A little stunned but coming to - Sedge Warbler
One thing that occurred to me was that I had seen no Shrikes this year. In the same spot last year I had a family party of Red-backed Shrikes and enjoyed nice views of the adults bringing food to 3 young shrikes. This year no sign. Here's some shots though of the Lielupe Shrike family from 2011.

Male brings food to juvenile Red-backed Shrike, Lielupe river, July 2011

Male Red-backed Shrike, Latvia 2011
The other notable absentee this year (and last) were Nuthatches. Present in the garden when I first visited in 2007 I have seen none since, which is odd as the habitat is perfect and they are the Fenno-Scandia form europaea so that little bit different from any you'll see in the UK.

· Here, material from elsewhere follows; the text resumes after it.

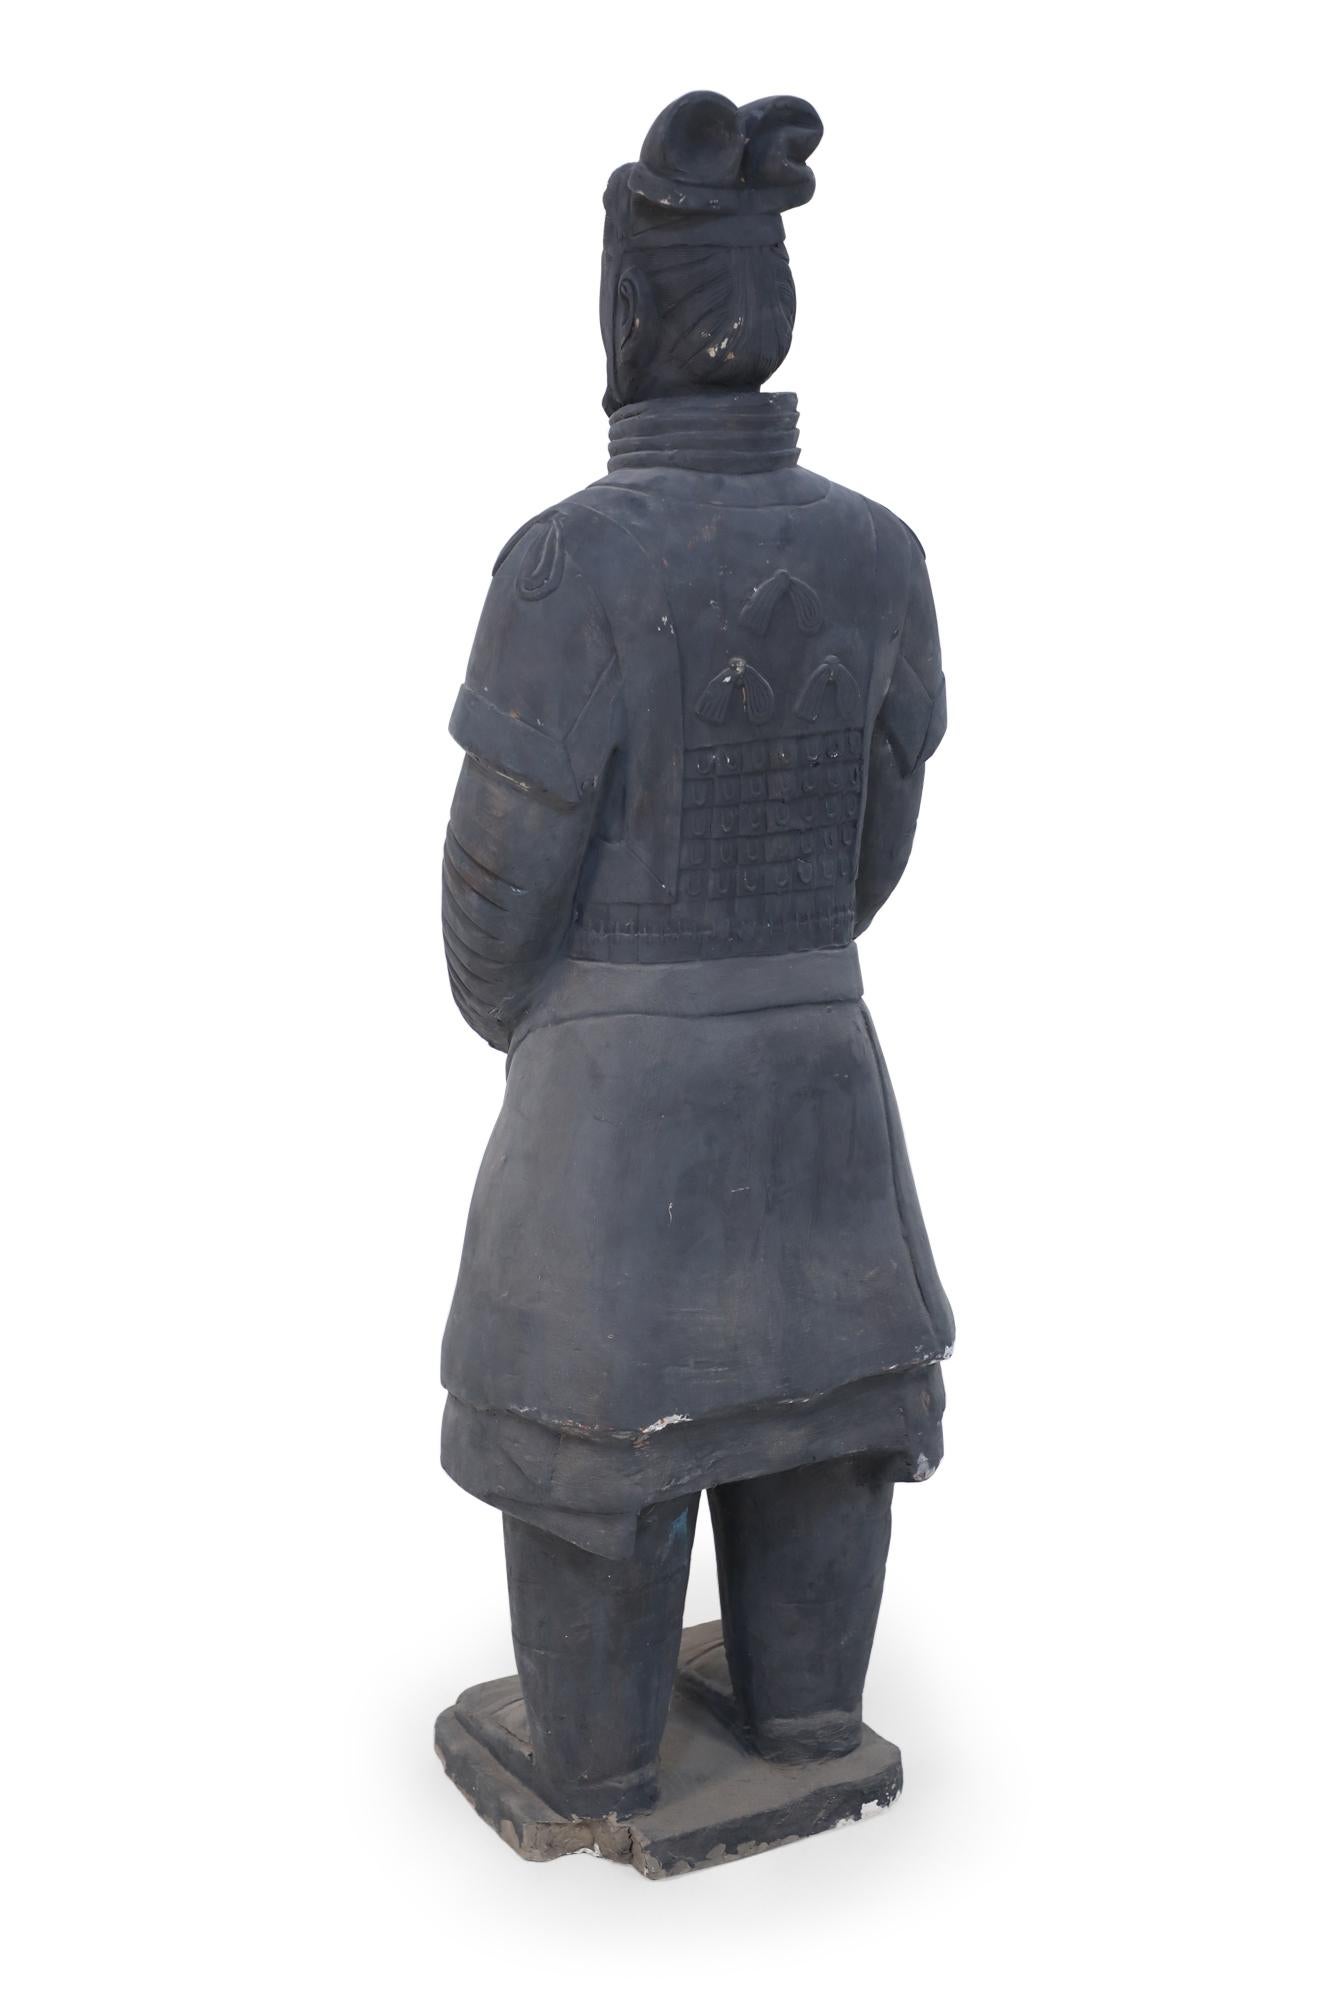 20th Century Chinese Qin Dynasty Style Life-Size Terracotta Soldier Statue
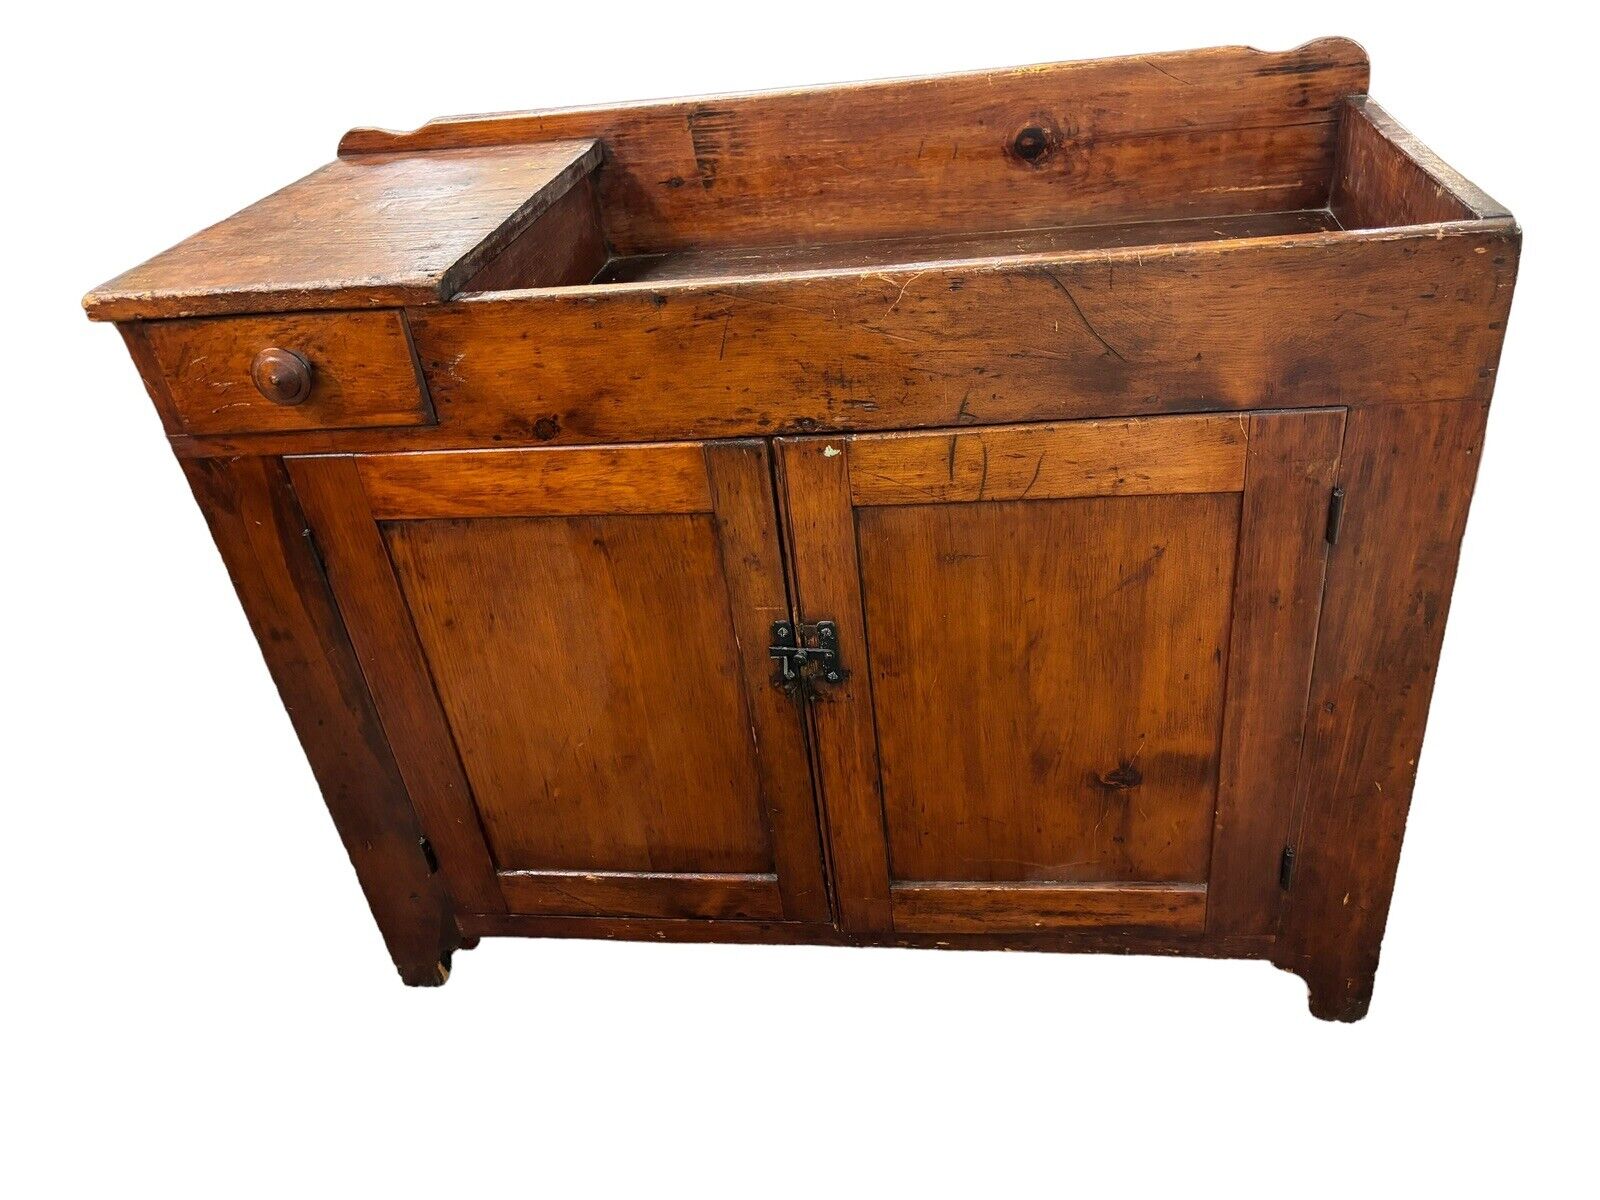 1800s Pennsylvania dry sink cabinet with drawer and Two Door Cupboard.

I was also a little curious about the Robins I saw....or more specifically....heard. Robins, in this part of the world are migratory, the temperature drops very low here in the winter so survival is probably tough for small birds. Those that I heard singing sounded like our Robins but slightly different, still recognisable as a Robin singing but still different nonetheless. I would love to super-impose sonograms of Latvian Robins and UK/Irish Robins over one another and compare. The difference would be subtle but different nonetheless. And while I'm on it I wondered were the Chiffers abietinus??